TASK INSTRUCTIONS:
Word for word, transcribe the data below from the line with "Every book I’ve" to the line with "Benro TTOR35CLVGH2F Carbon", keeping both of those lines.

ENTRIES PROVIDED:

========================================

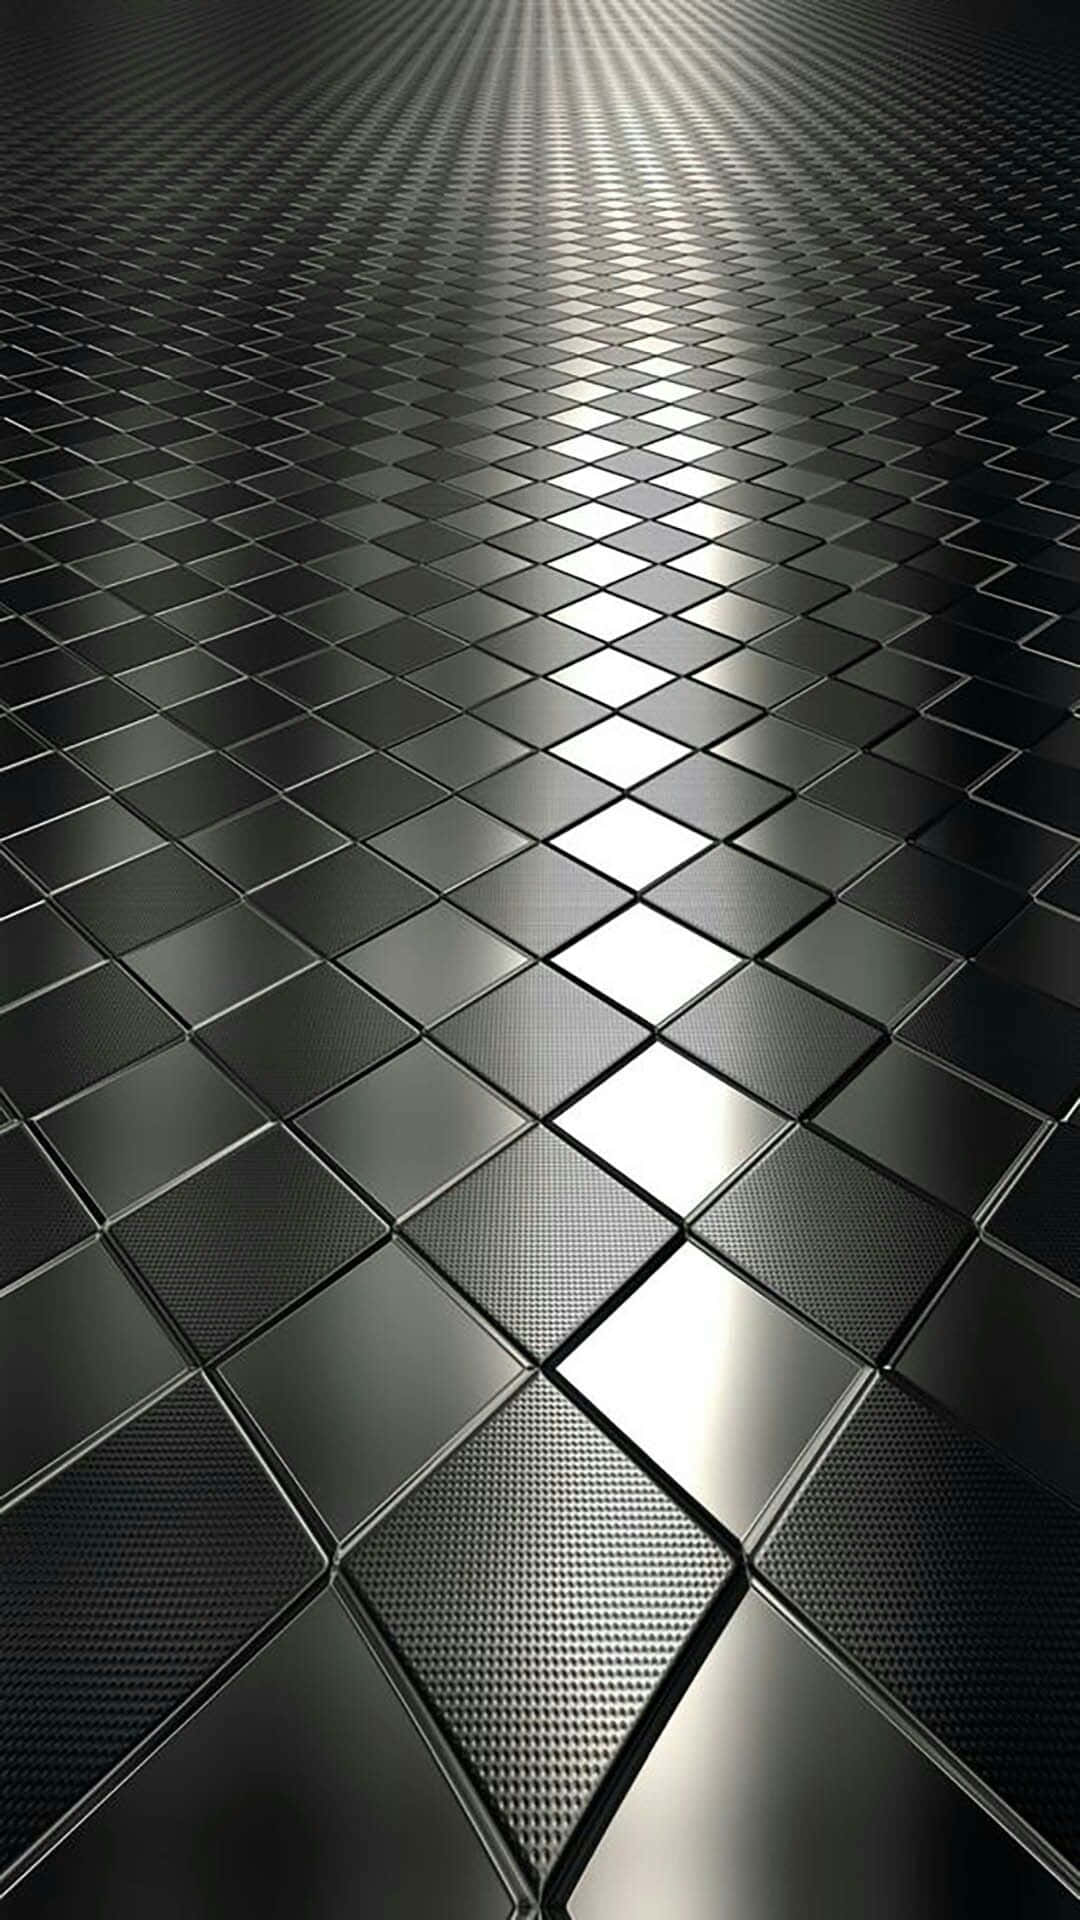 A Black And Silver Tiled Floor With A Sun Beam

========================================

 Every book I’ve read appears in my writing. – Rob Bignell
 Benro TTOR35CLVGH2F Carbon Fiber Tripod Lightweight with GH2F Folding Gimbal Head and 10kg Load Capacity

========================================

OUTPUT FOR THIS EXERCISE:
 Every book I’ve read appears in my writing. – Rob Bignell
 Benro TTOR35CLVGH2F Carbon Fiber Tripod Lightweight with GH2F Folding Gimbal Head and 10kg Load Capacity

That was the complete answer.